2.4 All data are stored on secure servers in Denmark.
3. Data processed by us
3.1 Initially, we collect the IP address and time and place of the copyright infringement, including the film title in question. The collection takes place by an independent third party, who can track and monitor data traffic, including identify IP addresses illegally downloading or sharing files.
3.2 Subsequently, we collect name and address of the owner of the internet connection to which the IP address belongs. The collection takes place through the owner’s internet provider, who is imposed to provide the personal data based on a court order. If necessary, we collect additional information about the owner of the IP address from publicly available sources.
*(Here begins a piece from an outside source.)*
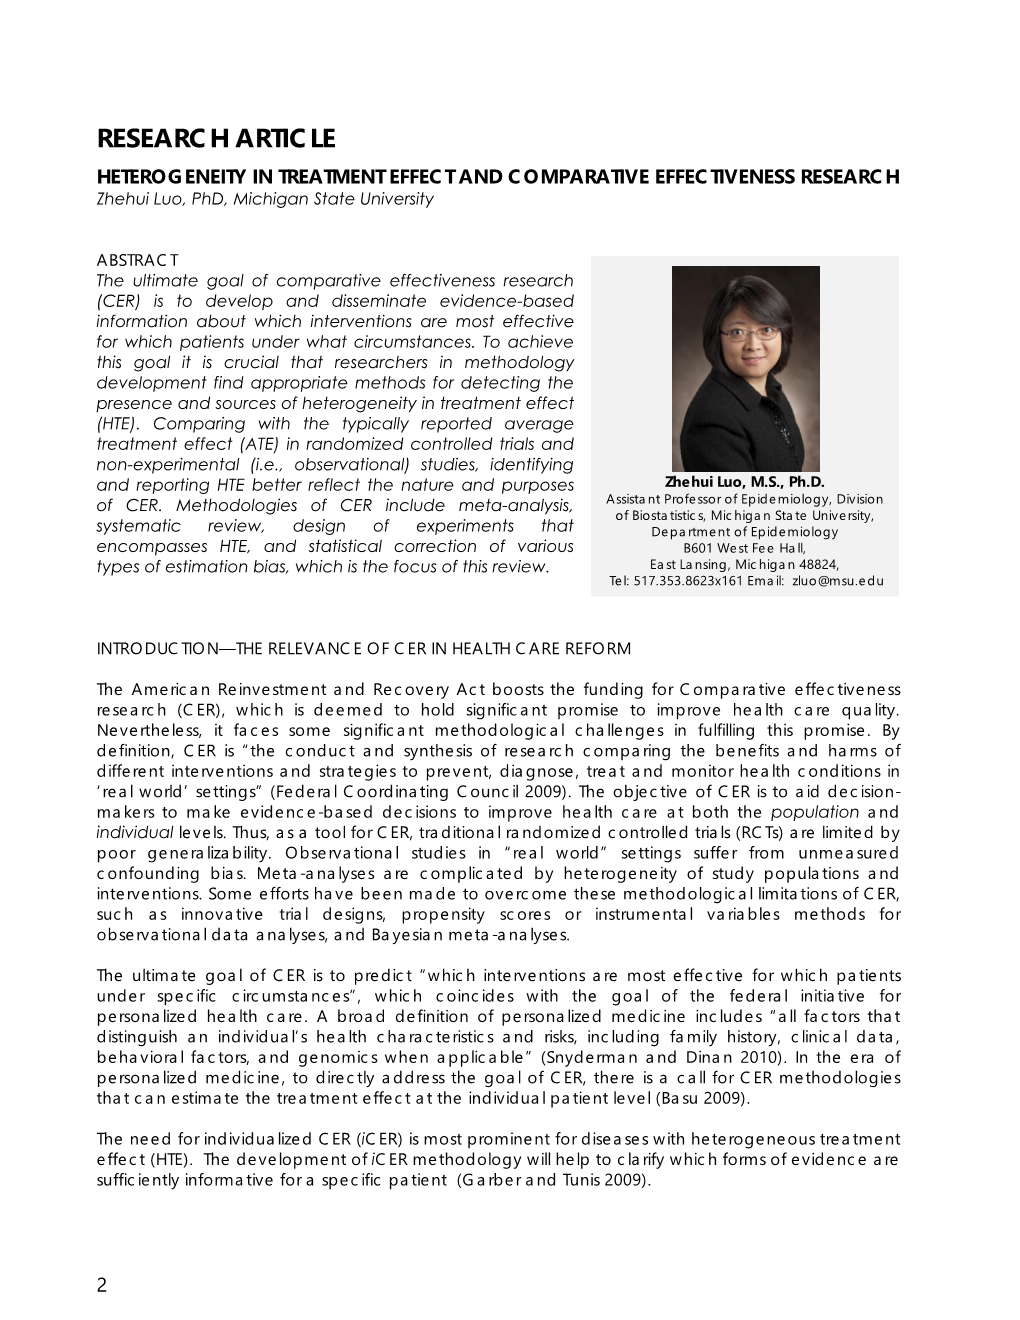 RESEARCH ARTICLE HETEROGENEITY in TREATMENT EFFECT and COMPARATIVE EFFECTIVENESS RESEARCH Zhehui Luo, Phd, Michigan State University

3.3 When we have collected data about an illegal activity, we send a letter to the owner of the IP address with a view to prosecute the activity on behalf of the Rights Holders. If we receive additional personal data via the correspondence (e.g. an email address), we will also be processing such data as part of the case management.
3.4 Generally, we consider the owner of the IP address and the person who has infringed the copyrights as one and the same person. We continue to do so until proved otherwise.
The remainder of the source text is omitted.